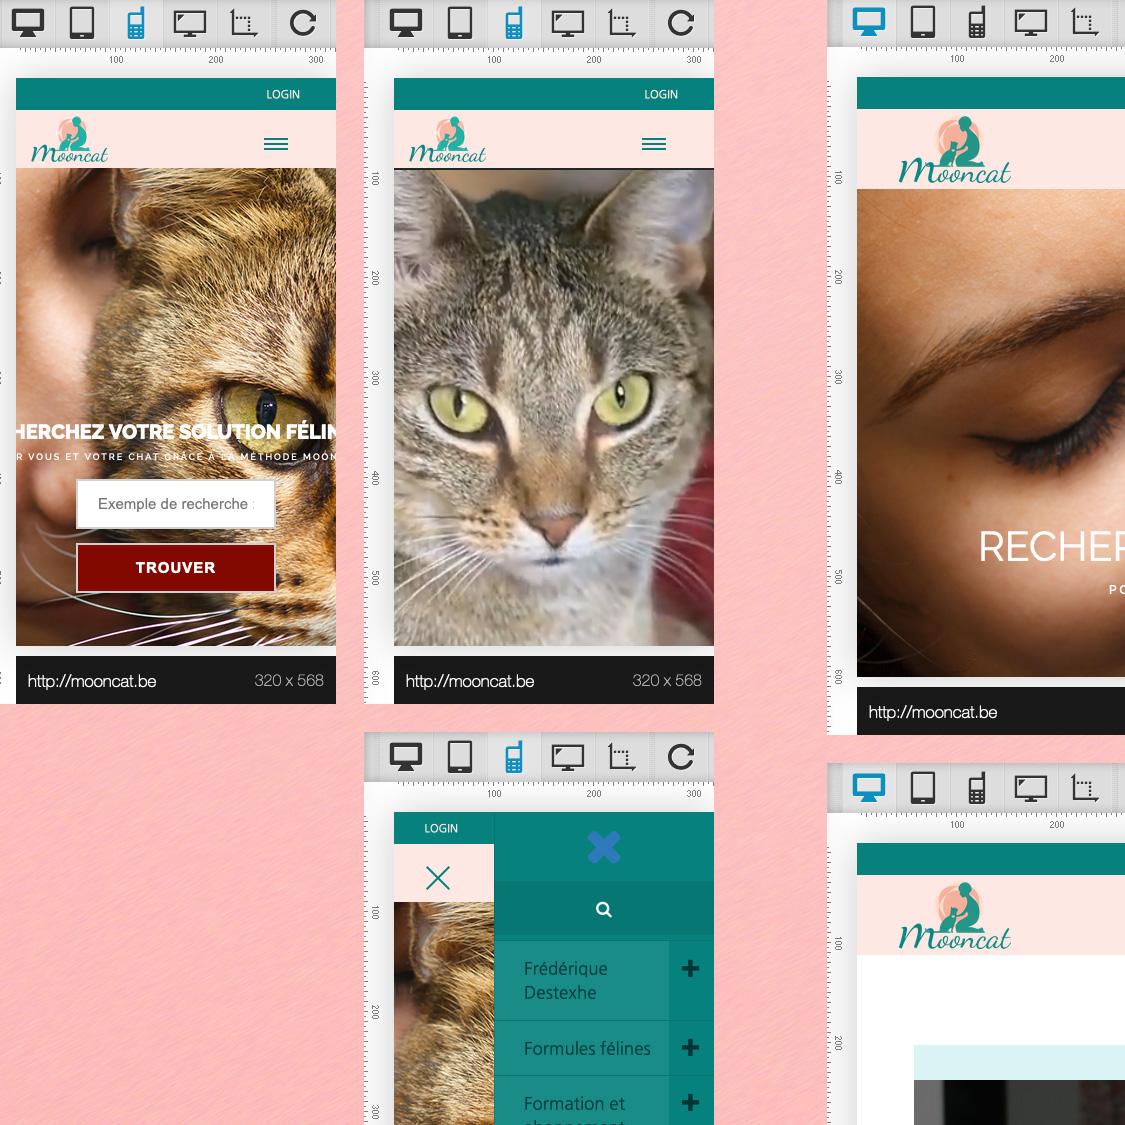 Mobil-first and multi device - Web design, web development, Digital marketing
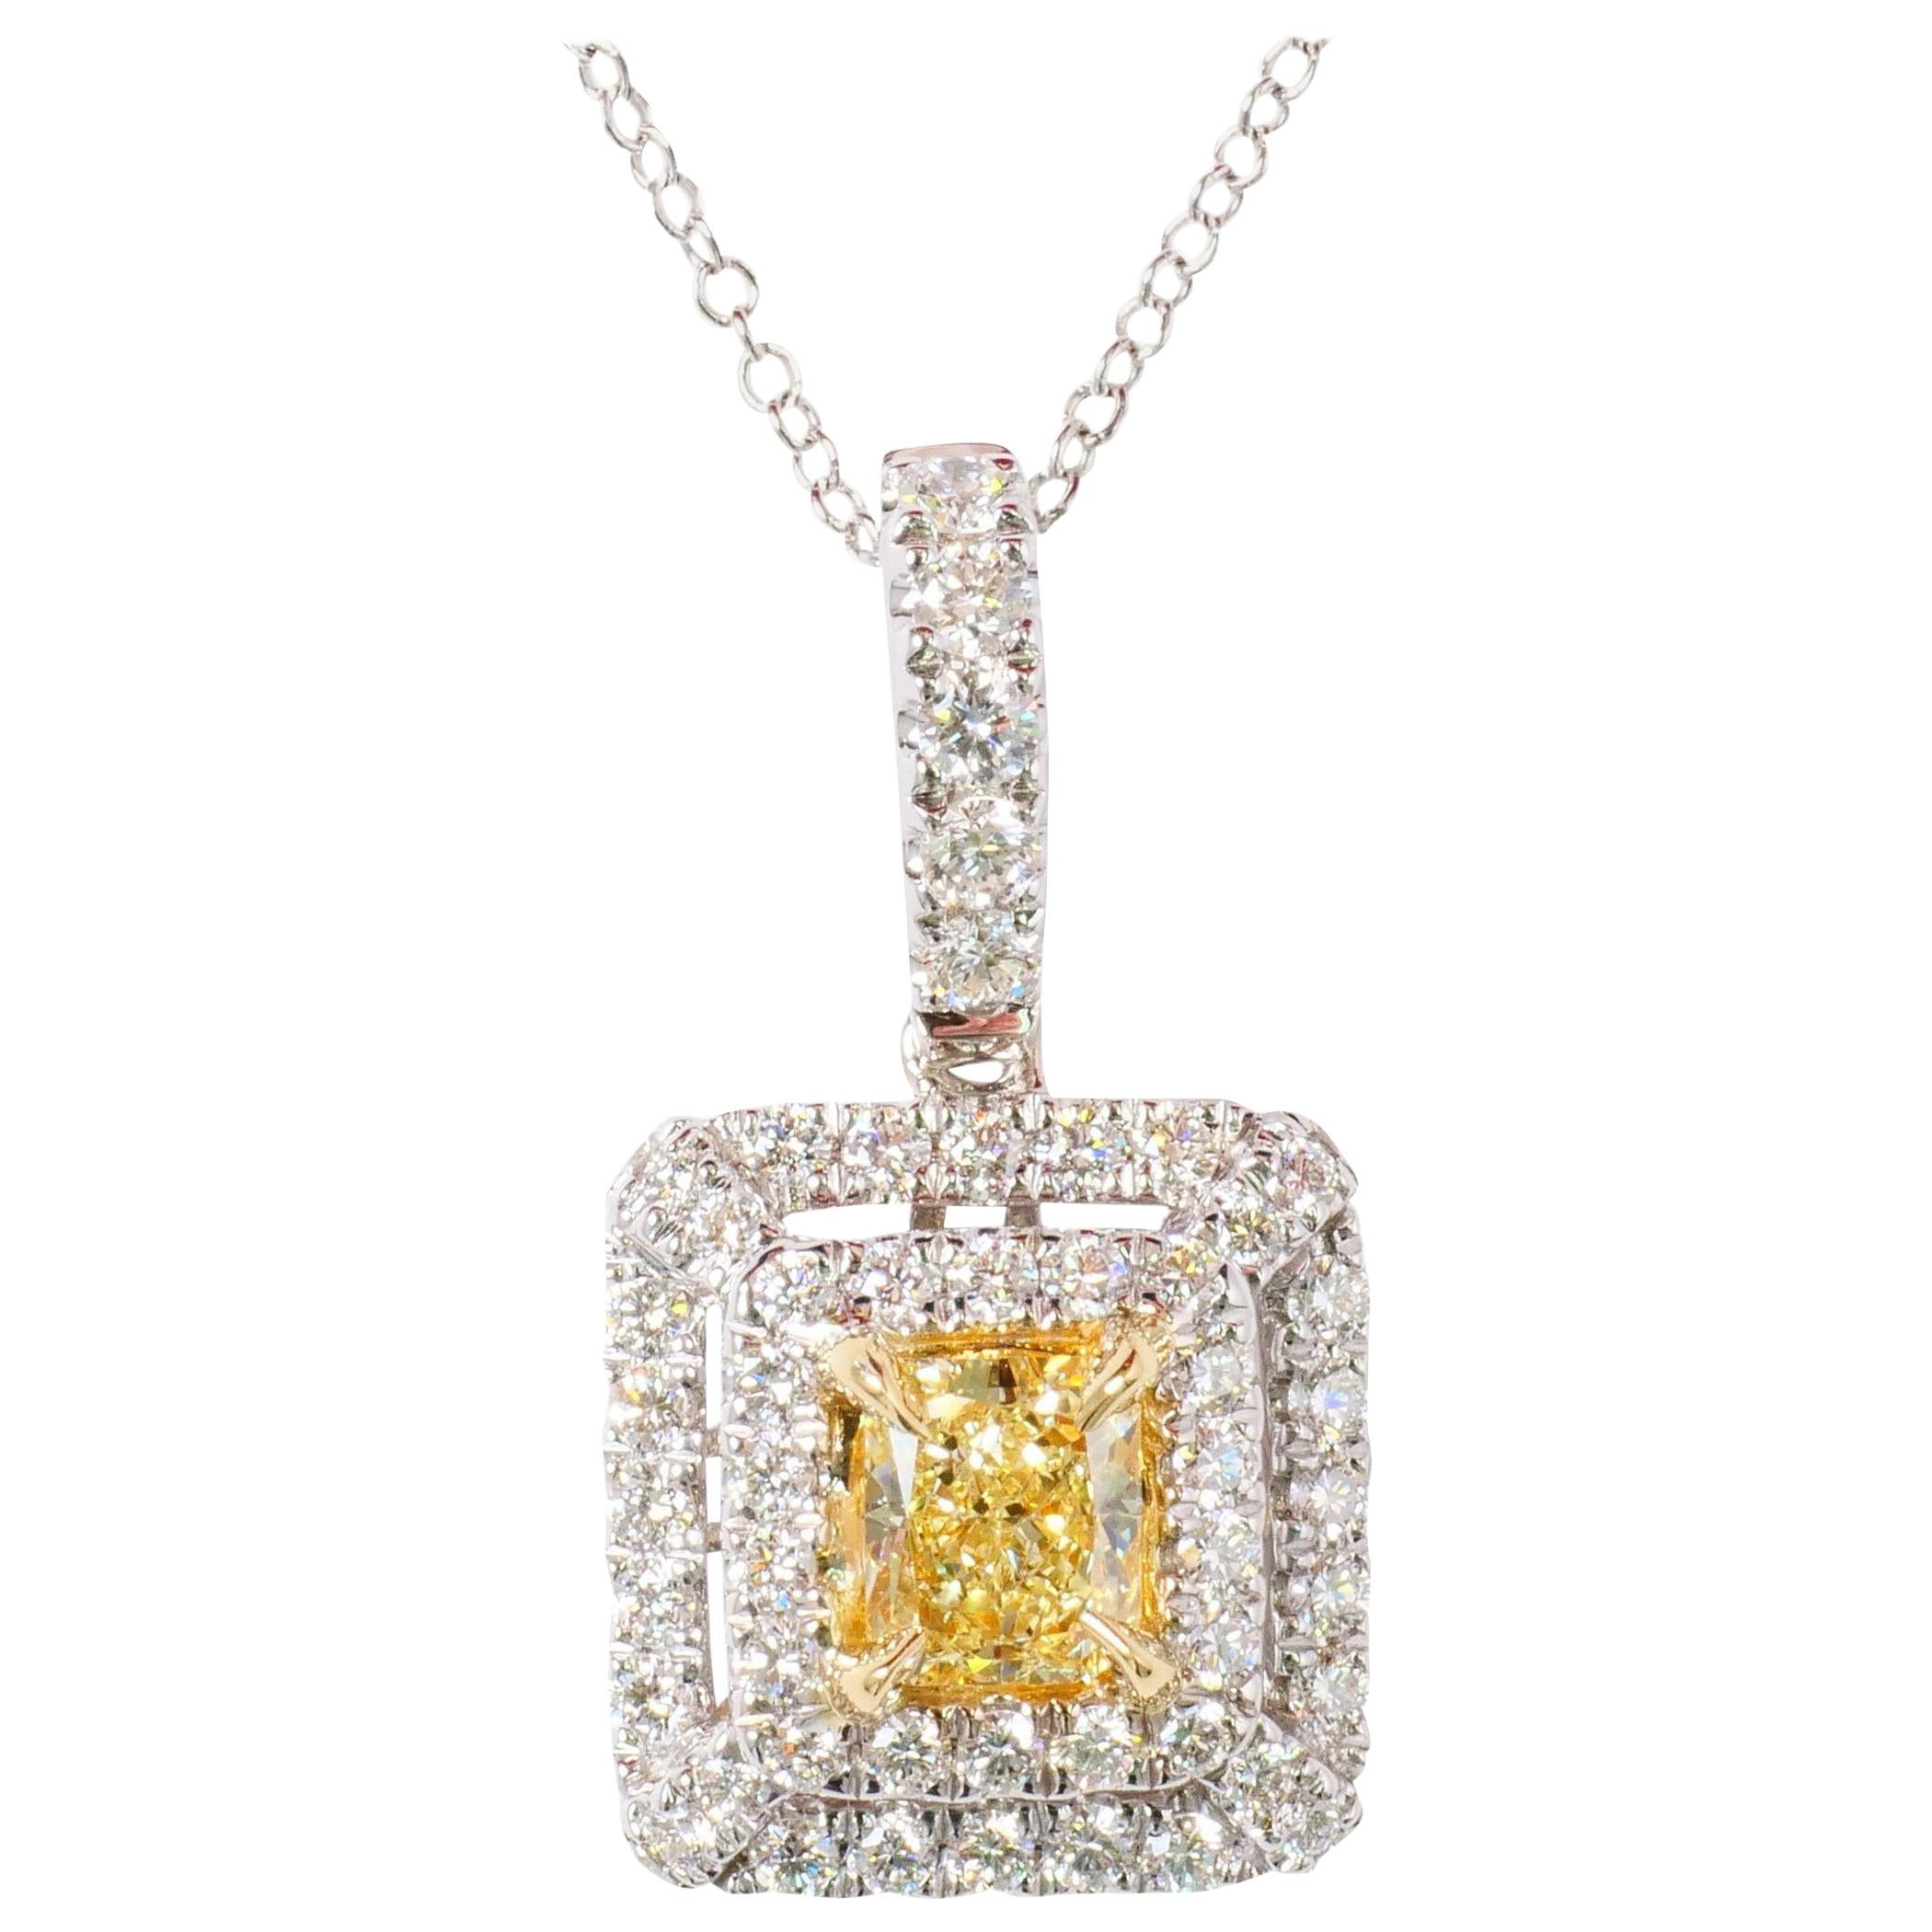 Natural Yellow Cushion Cut Diamond 0.52 Carat and White Diamond Pendant 18k Gold
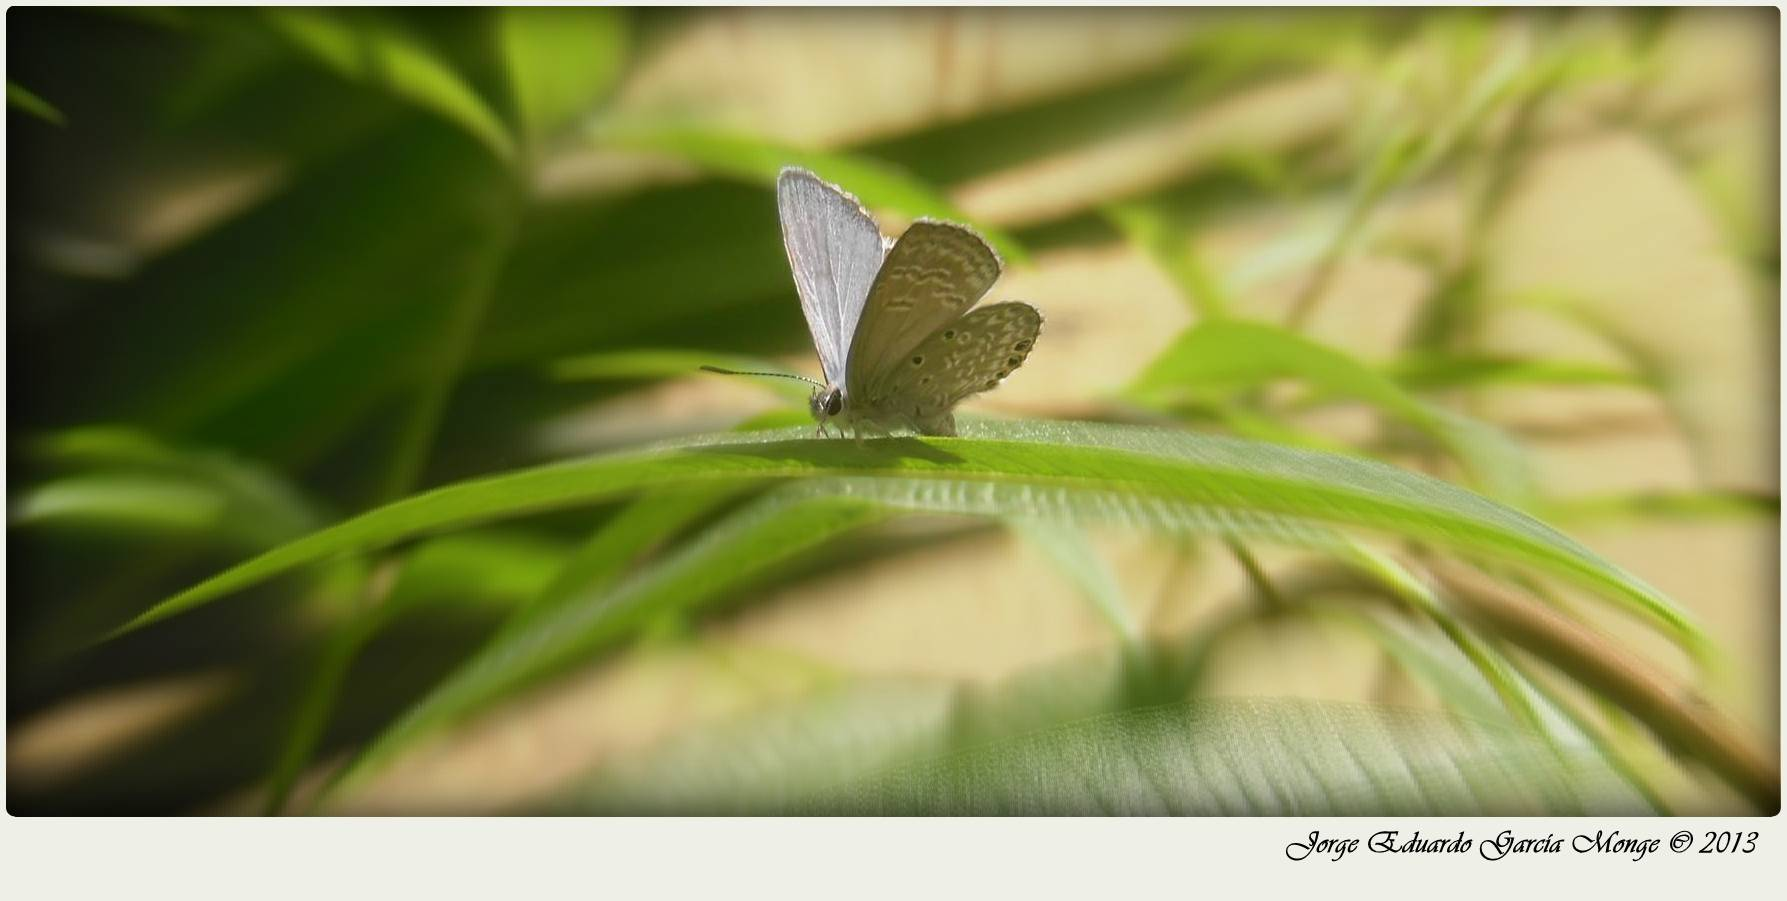 Una hermosa mariposa
==============================
**Your goal**
Word for word, restate every line of the listing, omitting the pictures.

**Reply to the exercise**
 Mobil-first and multi device - Web design, web development, Digital marketing
 Natural Yellow Cushion Cut Diamond 0.52 Carat and White Diamond Pendant 18k Gold
 Una hermosa mariposa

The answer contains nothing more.